I don't know what I'm going to do. He didn't pay me my piddly wages for this pay period. It's less than $250 per check. Payday was today and no money was direct deposited. It's such a low amount, and he's always paid. I'm worried that if I wasn't paid then something bigger is at play.
He was due to pay $725 for our son's college by the 15th of the month. Normally he pays by the 13th. No money has come for that either.
I'm seeing a pattern. I emailed him and his wife, along with payroll (also his wife). I've received no reply yet, but it's only been a few hours. I suspect I might not get a reply.
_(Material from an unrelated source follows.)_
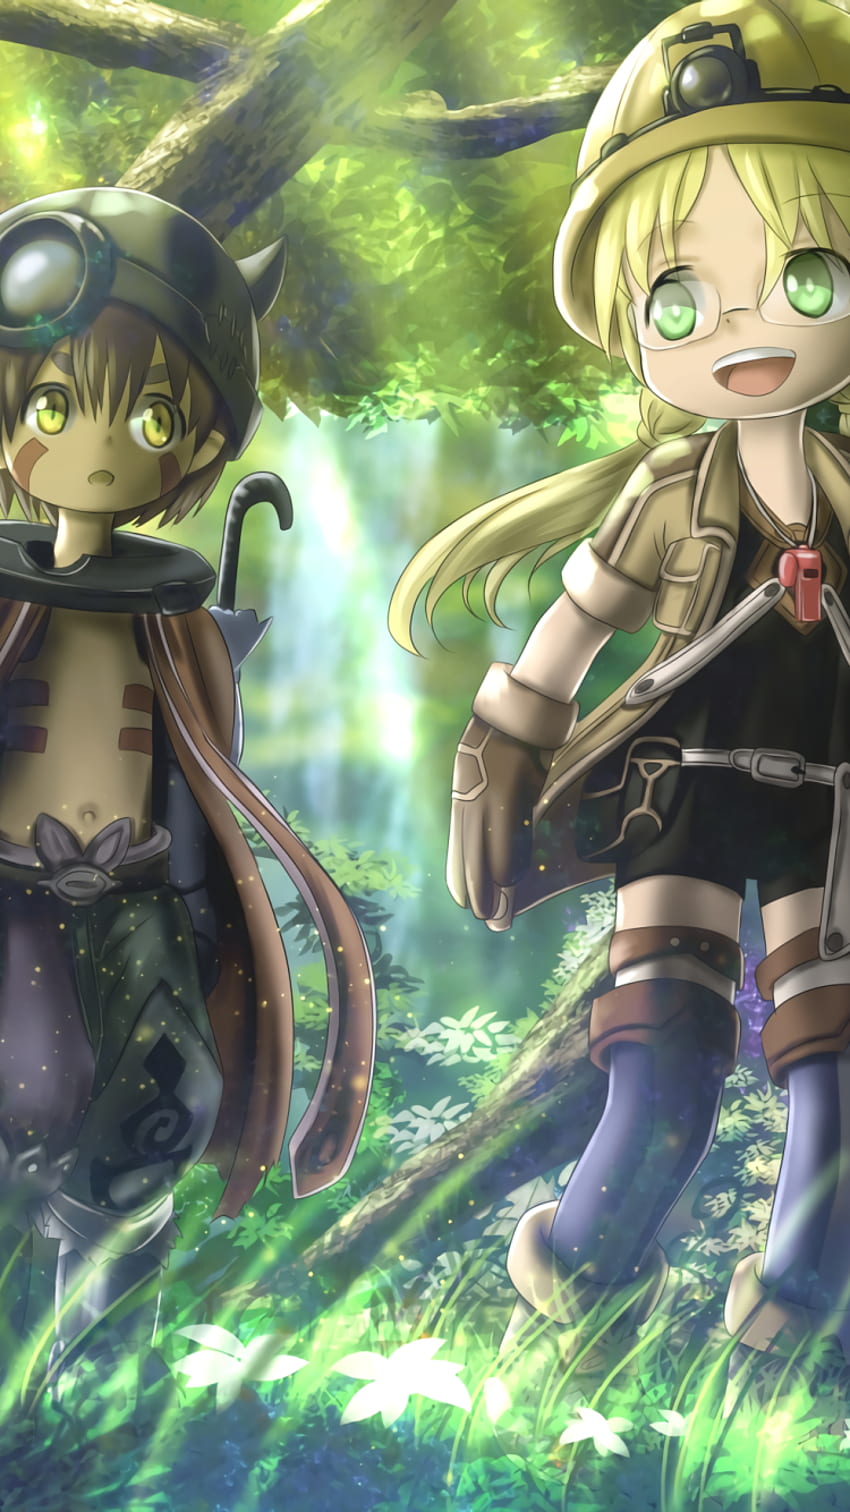 The second volume of the Made in Abyss manga series Chapters 9 The  Depths First Layer The Edge of the Abyss 10 The Depths  Anime Abyss  anime Anime wall art

My settlement money is due by the 31st. I can't get a judgement unless he's an additional 30 days late. If he doesn't pay the college support or my wages I doubt he will pay the $5000 settlement.
I've still not heard back from his wife about the items he still owes from the original settlement. I had sent her all the receipts, documents showing he didn't correctly calculate several things, and completely ignored other things. This was a week ago. She said she needed to review and confirm totals. What's to confirm, the documents were there showing everything.
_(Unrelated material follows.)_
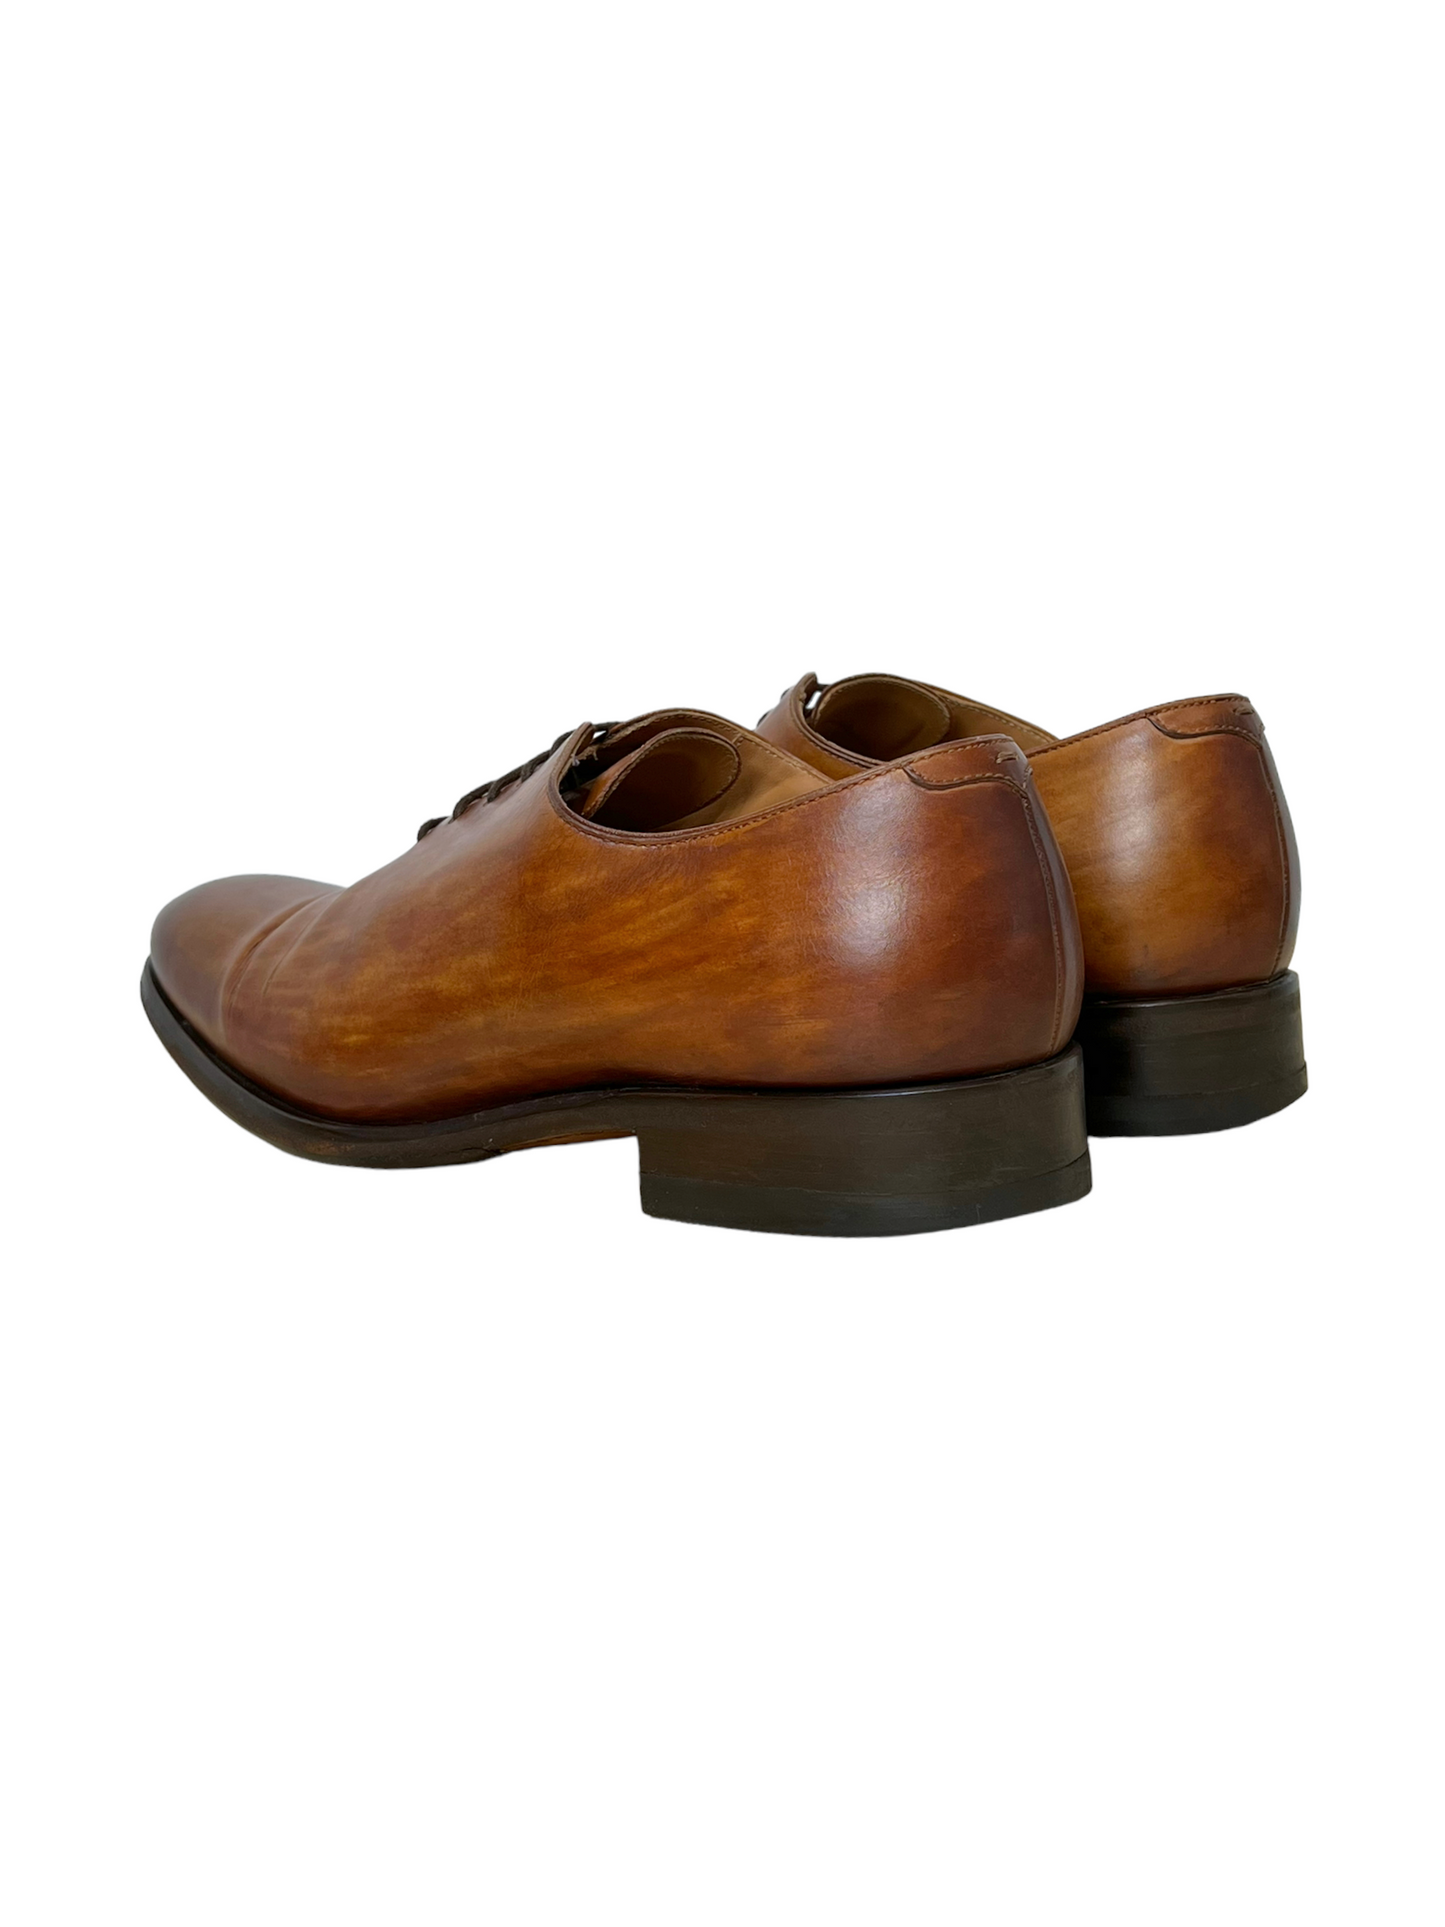 Magnanni Tan Leather Full Cut Oxford Dress Shoes - Genuine Design Luxury Consignment for Men. New & Pre-Owned Clothing, Shoes, & Accessories. Calgary, Canada

At the bare minimum he will still owe me almost $10,000 for those items even if he doesn't owe any interest on things.
The icing on the cake was the lawsuit attorney's assistant telling me my retainer might have completely been used. I might not be getting any money back, in fact I might owe more. I have to wait to see. I was under the impression I was getting some money back.
Today I looked in my dogs mouth to see why her breath was incredibly foul lately. I'd looked before and saw only tartar. Today I lifted her lip and she has an abscess. I will have to take her to the vet tomorrow. I'm sure it's going to cost $400-$1000 if she needs teeth removed, the abscess taken care of, and anesthesia. I just got the other dog's toe growth taken off, and that cost me $770 after he tore out his stitches from raking his feet in the yard, with his cone on.
I am still smiling, but I really want a break. I just want some calm, and peace for a bit. No drama, no stress, and something that resembles a normal life. It's been 2 years, I should be hitting a CALM milestone. This is NOT what calm looks like, this is CHAOS. I'm tired of CHAOS. Why is it so damn hard to achieve this?